In adult trauma patients, low and high blood glucose concentrations were more common in patients with traumatic shock. Prehospital blood glucose concentration measurements in addition to common vital parameters may help identify patients at risk of traumatic shock.
中度至重度创伤后血糖代谢紊乱,无论是高血糖还是低血糖,都与预后较差有关。关于院前血糖浓度和创伤的数据很少。
主要目的是描述创伤性休克与院前血糖浓度之间的关系。次要目的是确定与单独生命参数相比,院前血糖浓度对创伤性休克的预测价值是否更高。
对全国直升机紧急医疗服务(34 个基地)的预设观察性数据库进行回顾性分析。
2005 年至 2013 年间接受直升机紧急医疗服务治疗的成年创伤患者。
所有记录血糖浓度的成年创伤患者(≥18 岁)均被纳入。
血糖浓度更常见的上下限与创伤性休克相关。次要结局:与单独生命参数相比,院前血糖浓度的附加预测价值。

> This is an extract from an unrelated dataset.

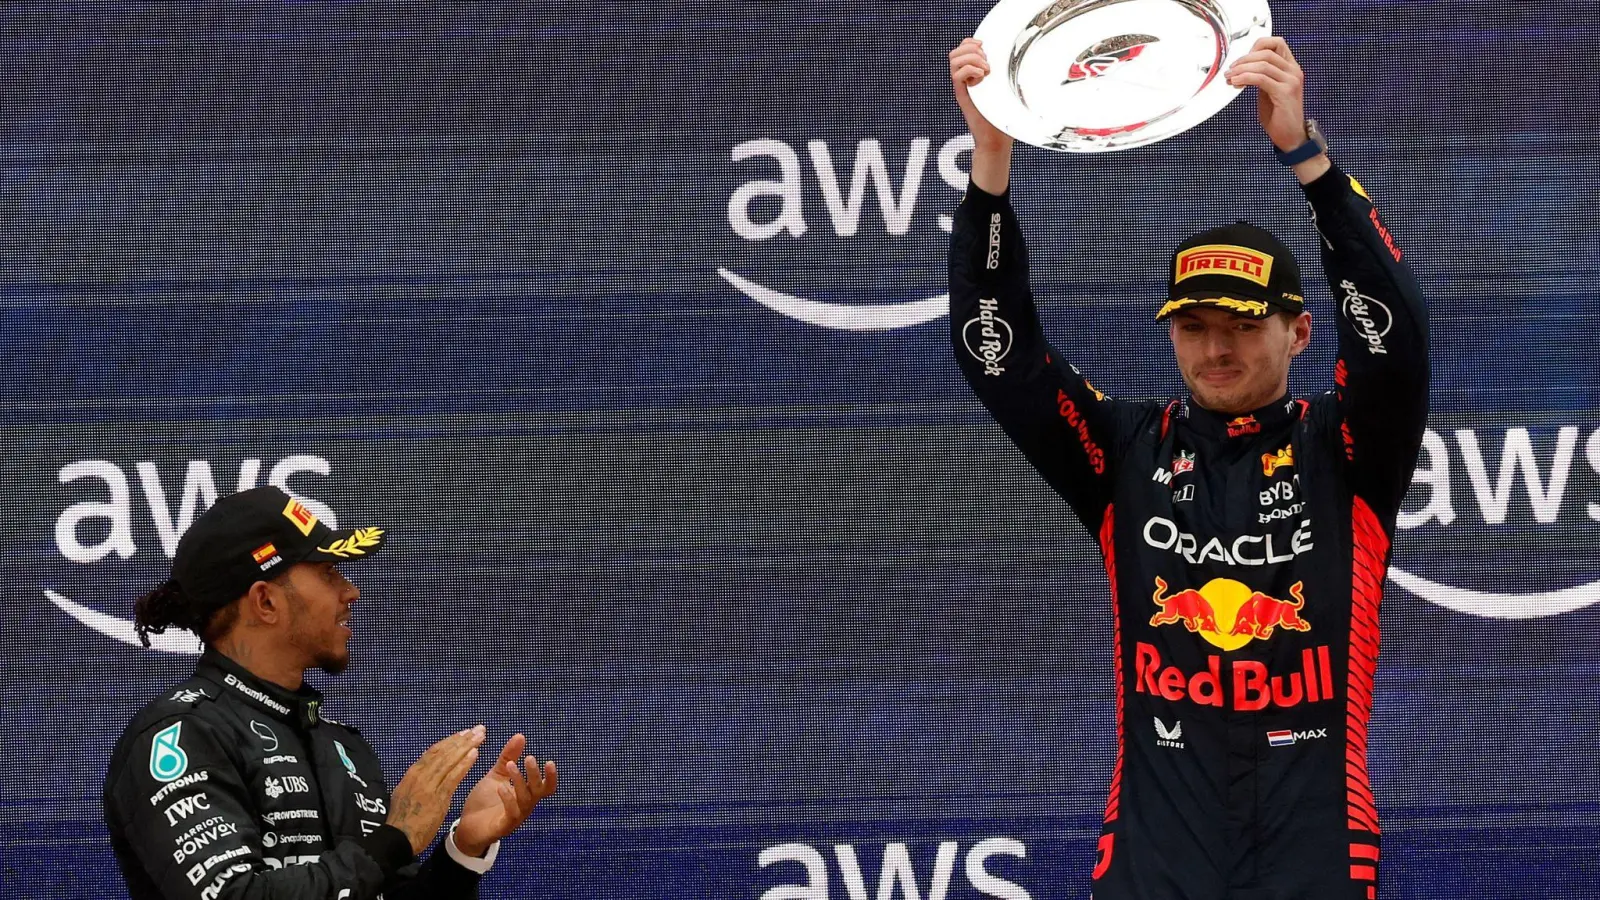 Lewis Hamilton applaudiert dem Sieger: Der Formel-1-Weltmeister Max Verstappen hat den Großen Preis von Spanien gewonnen und seine WM-Führung weiter ausgebaut. (Foto: Joan Monfort/AP)

在 51936 例创伤患者中,有 20177 例患者入选。共有 220 例(1.1%)患者在现场死亡。低血糖(血糖浓度 2.8mmol/L 或更低)在 132 例(0.7%)患者中观察到,高血糖(血糖浓度超过 15mmol/L)在 265 例(1.3%)患者中观察到。血糖浓度超过 10mmol/L(n=1308(6.5%))和 2.8mmol/L 或更低在创伤性休克患者中更为常见(P<0.0001)。当血糖浓度为 3.35mmol/L(低血糖患者,P<0.001)和 7.75mmol/L(高血糖患者,P<0.001)时,创伤性休克的 Youden 指数((敏感性+特异性)-1)最高。在现场有自主循环的患者中进行的逻辑回归分析中,院前血糖浓度(与常见生命参数一起:格拉斯哥昏迷量表、心率、血压、呼吸频率)与单独使用常见生命参数相比,显著改善了对创伤性休克的预测(P<0.0001)。
在成年创伤患者中,低血糖和高血糖在创伤性休克患者中更为常见。院前血糖浓度测量加上常见的生命参数可能有助于识别有创伤性休克风险的患者。